On 10/8/21 11:37 PM, Jim Fehlig wrote:
> There have been countless reports from users concerned about the following
> error reported by libvirtd when qemu domains are shutdown
>
> internal error: End of file from qemu monitor
>
> While the error is harmless, users often mistaken it for real problem with
> their deployments. EOF from the monitor can't be entirely ignored since
> other threads may be using the monitor and must be able to detect the EOF
> condition.
>
> One potential fix is to delay reporting EOF until the monitor is used
> after EOF is detected. This patch adds a 'goteof' member to the
> qemuMonitor structure, which is set when EOF is detected on the monitor
> socket. If another thread later tries to send data on the monitor, the
> EOF error is reported.
>
> Signed-off-by: Jim Fehlig <jfehlig(a)suse.com>
> ---
>
> An RFC patch to squelch qemu monitor EOF error messages on VM shutdown.
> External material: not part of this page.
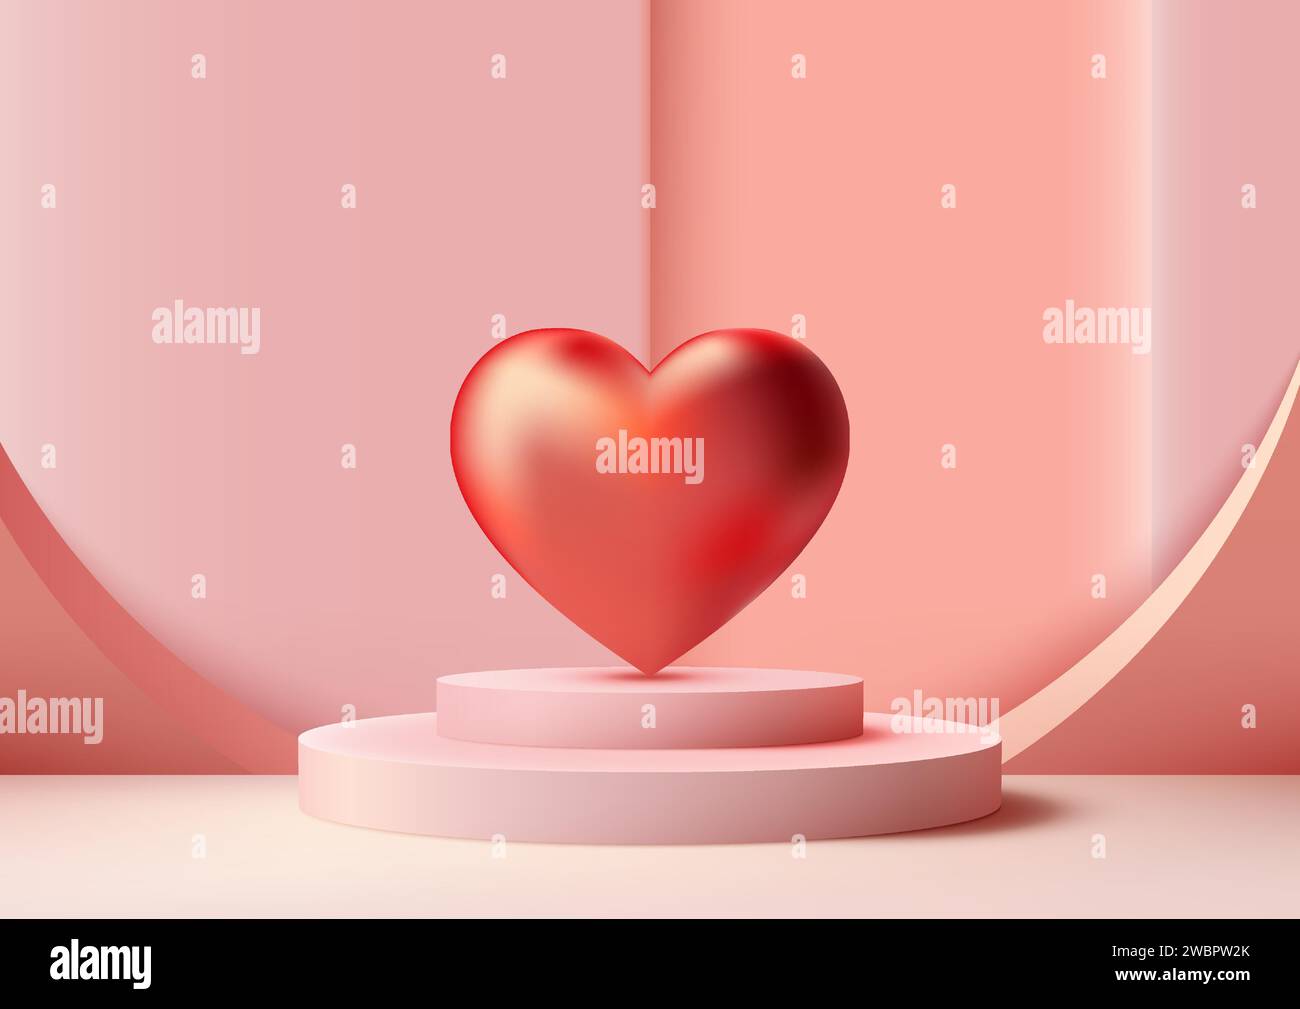 San Valentino in mostra con questo modello 3D rosa su podio. Elementi lucidi a cuore rosso con sfondo rosa tenue, perfetti per presentare prodotti, marchi, Illustrazione Vettoriale

> Previous discussions and information on testing of the patch can be
> found in this thread
>
>
https://listman.redhat.com/archives/libvir-list/2021-September/msg00949.html
>
> src/qemu/qemu_monitor.c | 29 ++++++++++++++++-------------
> 1 file changed, 16 insertions(+), 13 deletions(-)
>
> diff --git a/src/qemu/qemu_monitor.c b/src/qemu/qemu_monitor.c
> index 5fc23f13d3..751ec8ba6c 100644
> --- a/src/qemu/qemu_monitor.c
> +++ b/src/qemu/qemu_monitor.c
> @@ -113,6 +113,7 @@ struct _qemuMonitor {
>
> /* true if qemu no longer wants 'props' sub-object of object-add */
> bool objectAddNoWrap;
> + bool goteof;
> };
>
> /**
> @@ -526,10 +527,10 @@ qemuMonitorIO(GSocket *socket G_GNUC_UNUSED,
> {
> qemuMonitor *mon = opaque;
> bool error = false;
> - bool eof = false;
> bool hangup = false;
>
> virObjectRef(mon);
> + mon->goteof = false;
>
At this point, the monitor object is unlocked (see the line below). So
setting this flag outside is potentially dangerous. But, I don't think
we need to set ->goteof here at all, do we? I mean, the moment we see
EOF the monitor object will be disposed and not ever used again.
Agreed. I've removed it and sent a non-RFC version of the patch
As an update to the commentary in that patch, my tests have now survived 220
iterations.
Regards,
Jim